Sunday, March 27, 2011

Tunneling Effect and Perceptions

Humans are prone to tunneling, the more intelligent the person is the more precise would be his justification for tunneling.

Here is how tunneling is defined:

First Problem:
Given a piece of information, man would make an assumption/forecast or estimate. Basically he would make a perception based on the data. Now the problem is that he wouldn't really be confident about his perception if the information is too less. As we increase the information provided, the confidence in the perception increases linearly. As the confidence increases, then so does the precision and we start adding details to our perception.


Second Problem:
As you make a perception, then that perception becomes contagious and humans start to think in groups. The first perception influences the second perception made by someone else and the First Problem spreads like a disease.


Here is a real life example. 100 years ago, Jews were persecuted by Christians but lived in relative harmony in Ottoman Empire. 100 years later, Jews are loved by Christians and persecuted by Muslims. Historical perceptions not only tunnel but these perceptions flip flop.

An increasing information makes you more confident in your perceptions and people rarely question these perceptions due to the high confidence level.

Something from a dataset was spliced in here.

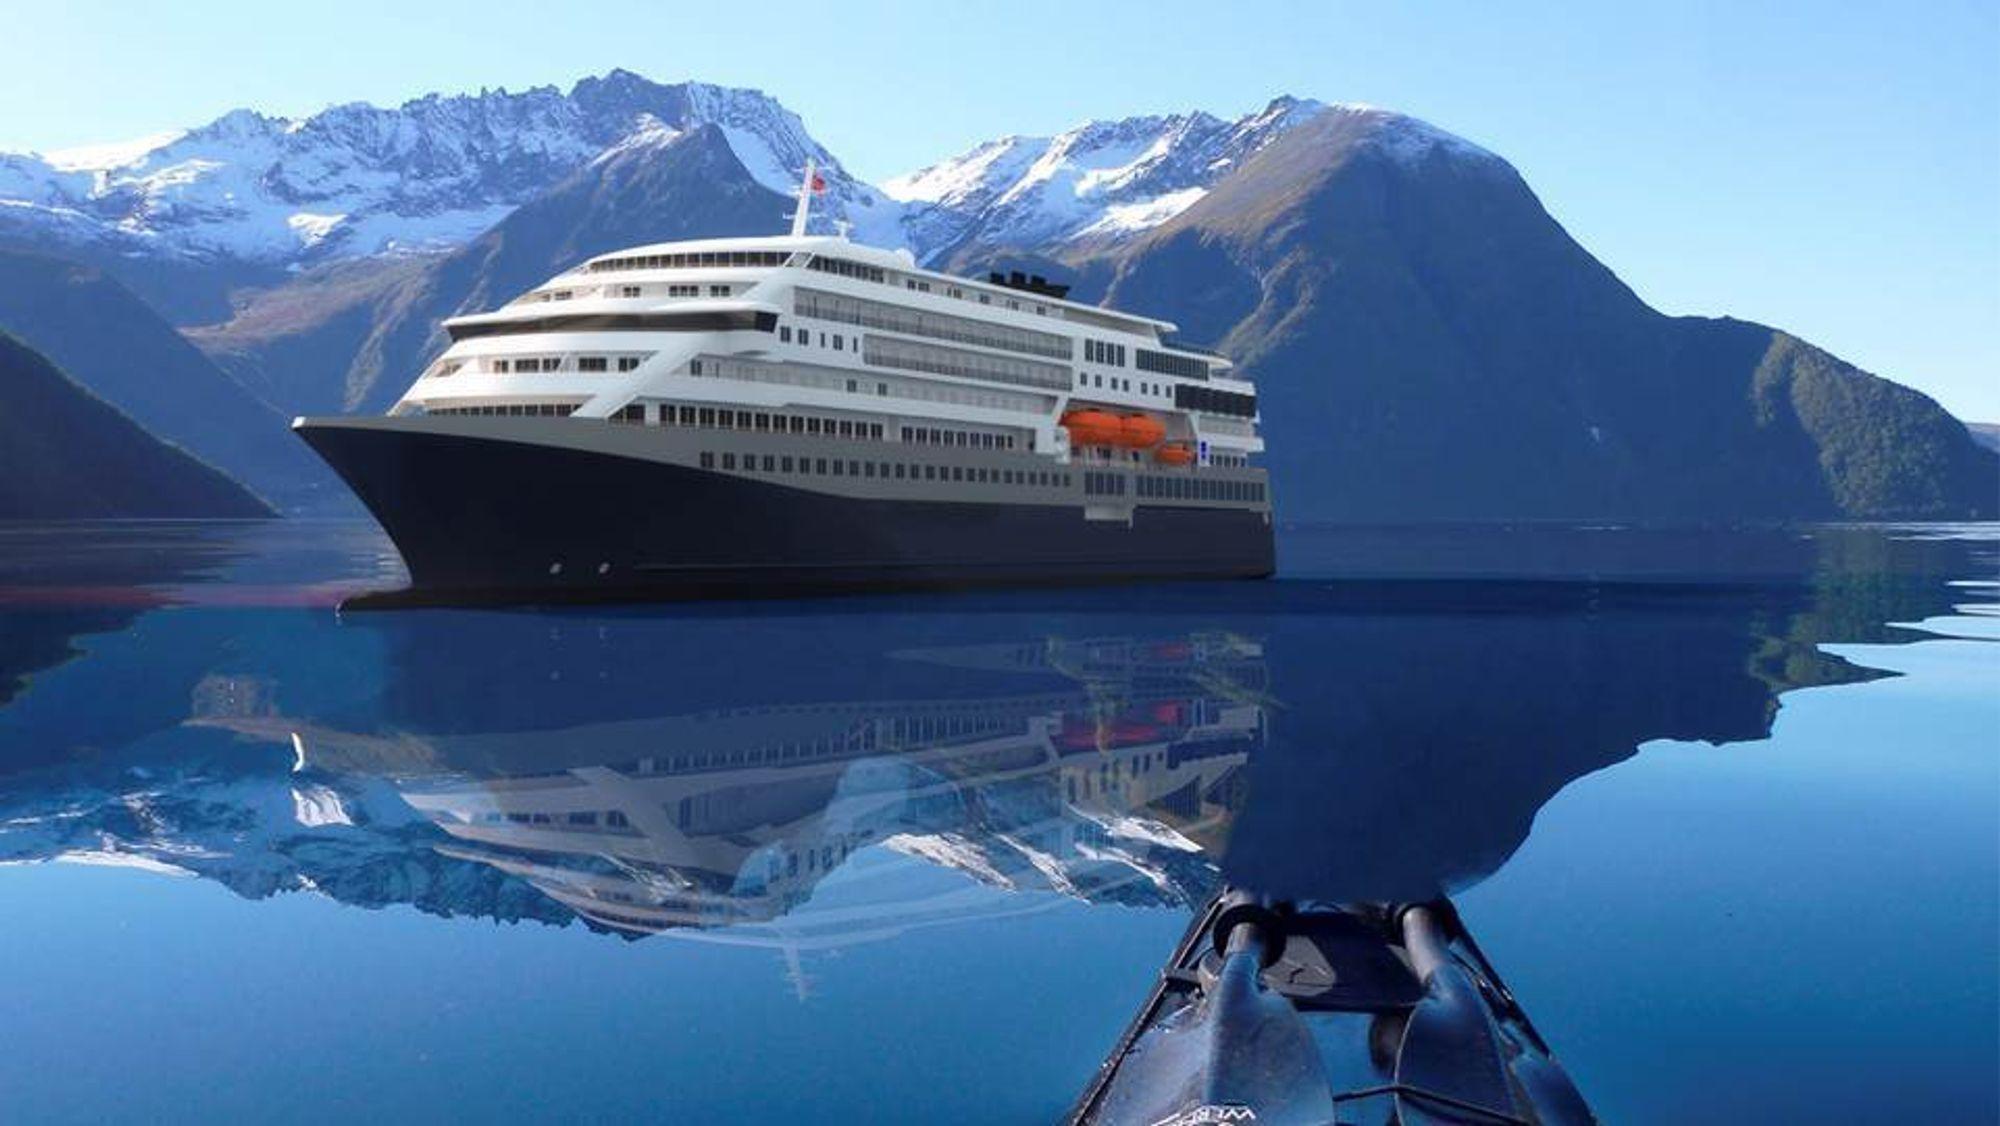 Nye kystruteskip for Bergen-Kirkenes kan ha 60 prosent lavere CO2-utslipp sammenliknet med de nye ekspedisjonsskipene til Hurtigruten. Med batteridrift ladet fra landstrøm, kan skipet gå rundt fire timer på batteri, blant annet i Geirangerfjorden og til og fra kai.

Whenever we read a book which negates are previous perceptions and allows us to form new ones then we religiously believe in these new perceptions. Now increasing information doesn't lead to an increase in perception but leads to more confusion as at any time the information provided would be incomplete. I have been talking to atheist recently and I soon realized that they had really high confidence levels in their "rational method", yet when I asked some serious philosophical questions related to episteme and incompleteness of information then they rarely had any coherent replies.